Es zeichnet den 56-Jährigen aus, einen klaren Blick auf das Geschehen zu haben. Hütter redet nichts schön und lässt sich nicht von vereinzelt guten Passagen blenden: „Zu einem Sieg gehört auch die Leistung. Und die haben wir nicht so, wie es nötig gewesen wäre, gebracht.“ Freiburg sei „sehr gut organisiert“ aufgetreten und habe „alle zweiten Bälle“ gehabt. Seine Mannschaft habe zu weit auseinandergestanden und dadurch „keinen Zugriff“ bekommen. Ob dies auch an der Umstellung von Fünfer- zurück auf Viererkette lag? Das bleibt offen.

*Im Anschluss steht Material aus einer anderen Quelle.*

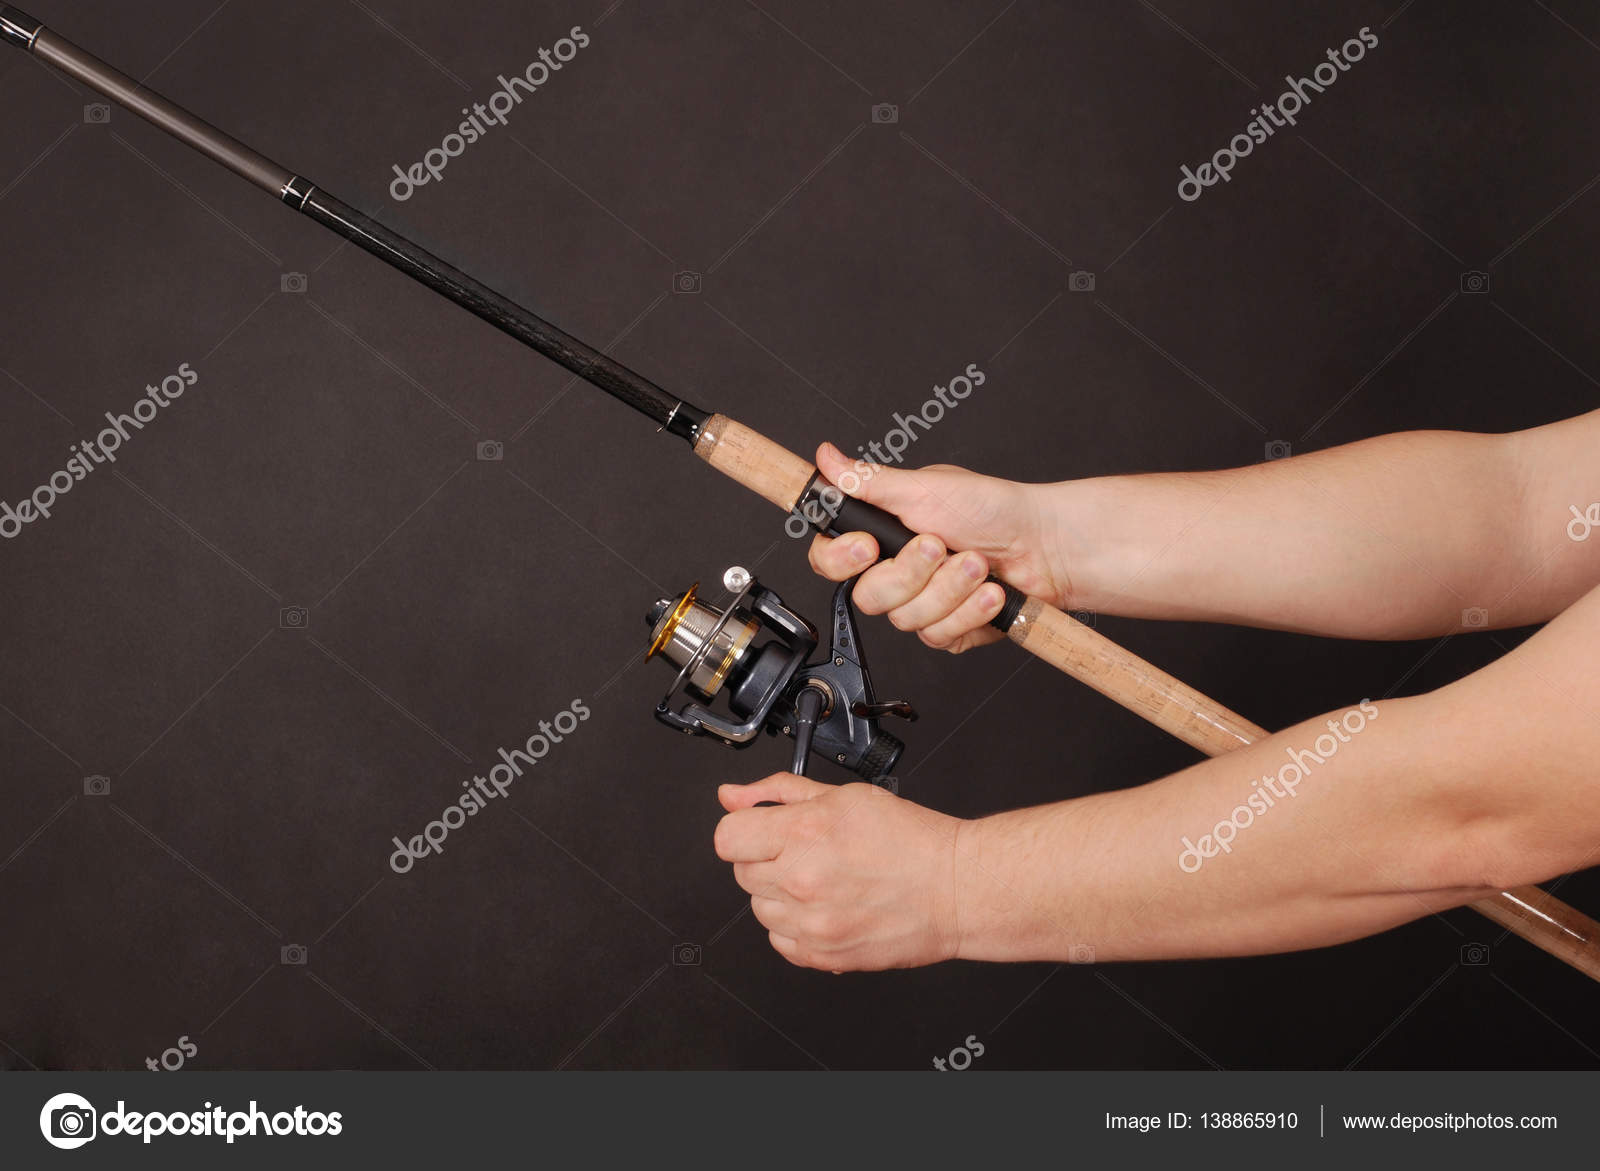 https://st3.depositphotos.com/1001735/13886/i/1600/depositphotos_138865910-stock-photo-hand-holding-a-fishing-rod.jpg
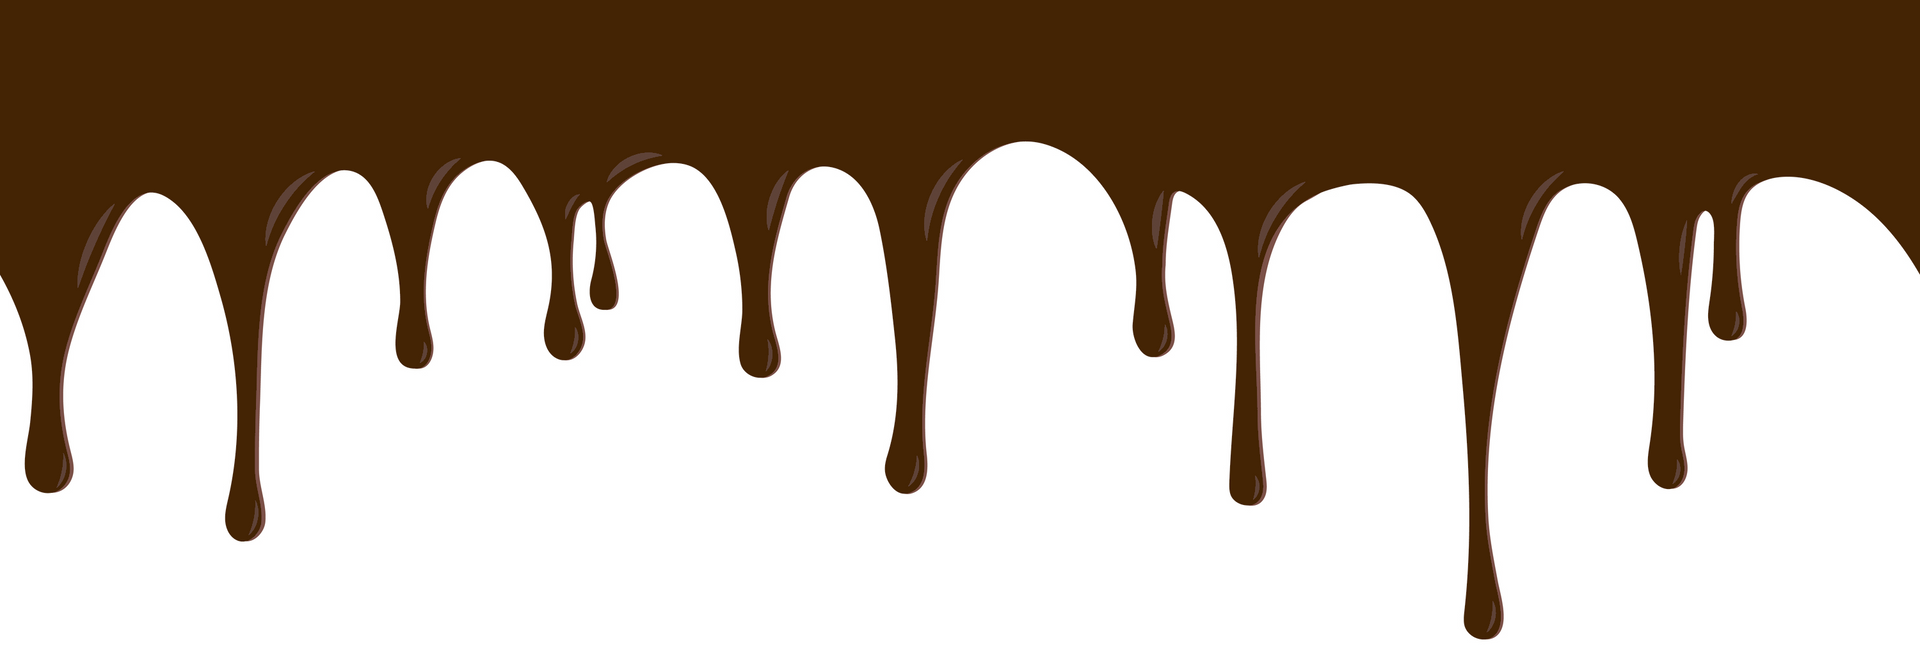 achtergrond druipend cacao

Freiburg war der Eintracht überlegen
Freiburg hatte jedenfalls deutlich mehr Torschüsse (22:10) und einen höheren xG-Wert (2,73:1,42 laut Opta). Die Mannschaft von Trainer Julian Schuster ist mehr gelaufen (114,23 zu 112,67 Kilometern), sie hatte mehr Ballbesitz (58 Prozent), eine stärkere Passquote (82 zu 76 Prozent) und war griffiger im Zweikampf (53 Prozent). Die Breisgauer haben gezeigt, weshalb sie als Spitzenreiter in dieses Duell gegangen sind.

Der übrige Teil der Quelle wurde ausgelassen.